La figura del Fondatore
Shimon Peres, attuale presidente di Israele, ha ricevuto il Premio Nobel per la Pace nel 1994 assieme a Yasser Arafat, Shimon Peres e Yitzhak Rabin “per gli sforzi messi in atto per creare la pace nel Medio Oriente”. E’ considerato uno dei fondatori dell’industria militare israeliana; è stato uno dei primi sostenitori degli insediamenti colonici ebraici in Cisgordania la cui maggiore crescita in assoluto (del 50%, quattro volte quella della popolazione all'interno di Israele) avvenne proprio sotto l’amministrazione sua e di Rabin (1992-96)xi; ha partecipato alla costruzione dell’arsenale nucleare (stimato tra 75 e 400 testate) mai smentito da Israele.xii
Nel 1996, come Primo Ministro, lanciò l’operazione ‘Grapes of Wrath’ (‘Furore’) che portò allo sfollamento di 400,000 libanesi, 800 dei quali si rifugiarono nella base delle Nazioni Unite di Qana, nel Libano meridionale. Il 18 Aprile 1996 ordinava il bombardamento della base provocando la morte di 102 civili, soprattutto donne, bambini e anziani. Human Rights Watch, le Nazioni Unite e Amnesty International confermarono che quel bombardamento fu intenzionale e non un incidente.xiii Sembra essere questo il motivo per cui Shimon Peres non fu eletto alla carica di Segretario Generale dell’ONU nonostante fosse il candidato più quotato.

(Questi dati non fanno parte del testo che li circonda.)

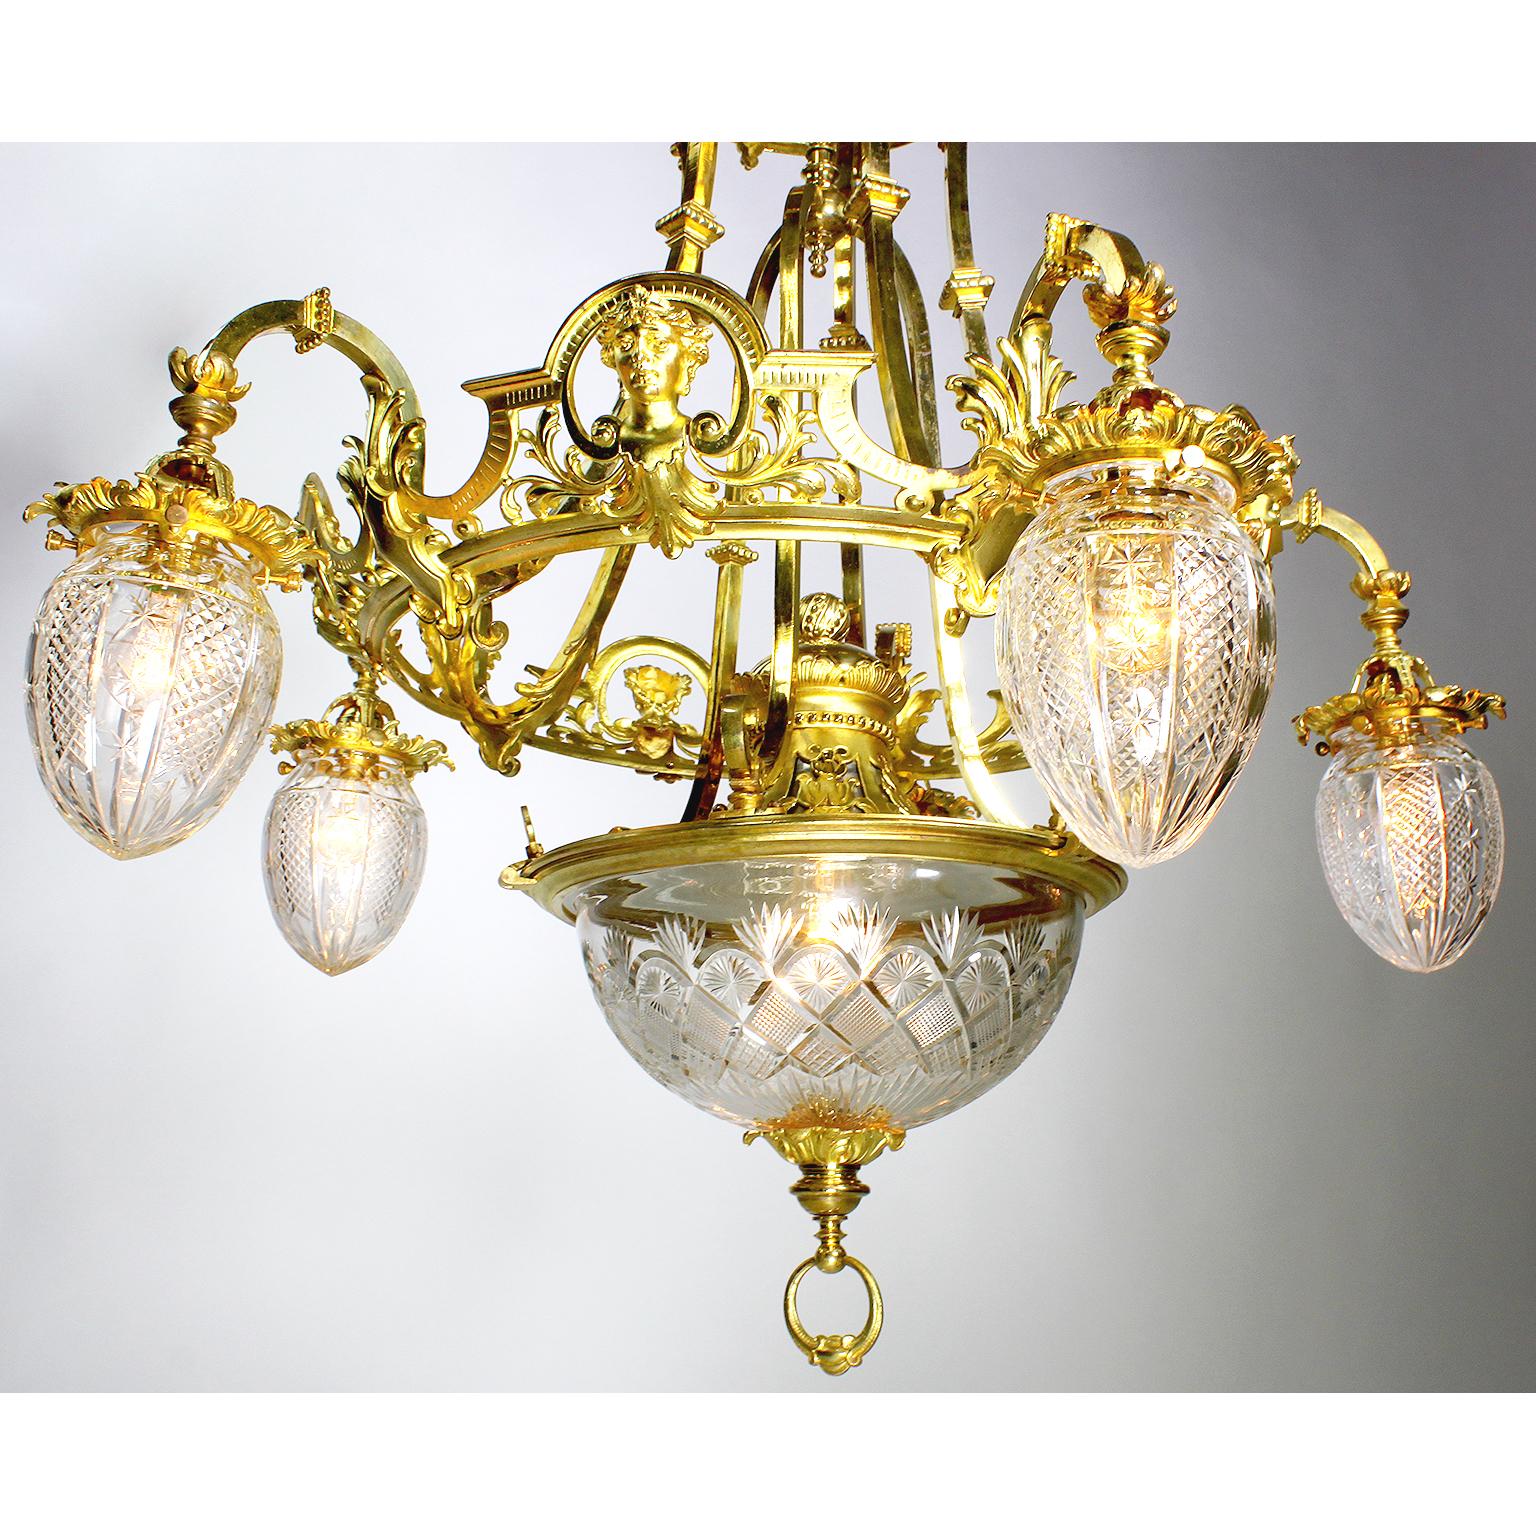 French 19th-20th Century Belle Époque Gilt-Bronze & Cut-Glass 6-Light Chandelier In Good Condition For Sale In Los Angeles, CA

Il Presidente Peres ha espresso chiaramente il suo sostegno alla pratica delle ‘esecuzioni extragiudiziarie’, che significa l’uccisione di palestinesi o arabi sospetti senza sottoporli a processo.xiv E’ un sostenitore dell’assedio di Gaza che ha ormai condotto a una tragica crisi umanitaria, e dell'elaborato sistema di posti di blocco su tutta la Cisgiordania che quotidianamente umilia e rende veramente difficile la vita dei palestinesi. E’ un difensore della distruzione delle case palestinesi col pretesto della loro costruzione abusiva (abusività inevitabile vista l’assoluta mancanza di alloggi), fenomeno in crescita preoccupante soprattutto a Gerusalemme Est e nell’area C della Cisgiordania.xv
Con tali credenziali è davvero difficile, nonostante il suo Premio Nobel, potere esaltare Shimon Peres come promotore di pace e riconciliazione con il popolo palestinese. Mi pare piuttosto che traspaia l’ipocrisia di chi cerca la pace promuovendo e sostenendo le guerre più sanguinose.
Conclusione
Resistere a questa subdola opera di normalizzazione e legittimazione di una situazione inaccettabile vuol dire lavorare per l’educazione non solo dell’oppresso, ma anche dell’oppressore. Quest’ultimo, infatti, essendo il detentore del potere maggiore, non vede nessun interesse nell’imbarcarsi in un processo di riparazione delle ingiustizie commesse... È necessario che l’ingiustizia perduri affinché il potente possa agire come ‘generoso’, mettendosi con magnanimità, ma ben conscio della sua superiorità, al tavolo della collaborazione ‘scientifica’ con l’oppresso, magari offrendo di curargli, a un costo (e non solo finanziario), i figli ammalati. Al contrario, la conquista implicita del dialogo è quella del mondo che i due soggetti realizzano insieme. Come diceva Paulo Freire, “nessuno si salva da solo ma insieme all’altro.” xvi
Ringrazio il paziente ma, mi auguro, interessato lettore di essere arrivato in fondo a questo lungo scritto che auspico possa essere utile a tutte le persone desiderose di contribuire, oltre che alla cura dei bambini palestinesi, anche a una giusta soluzione del conflitto israelo-palestinese.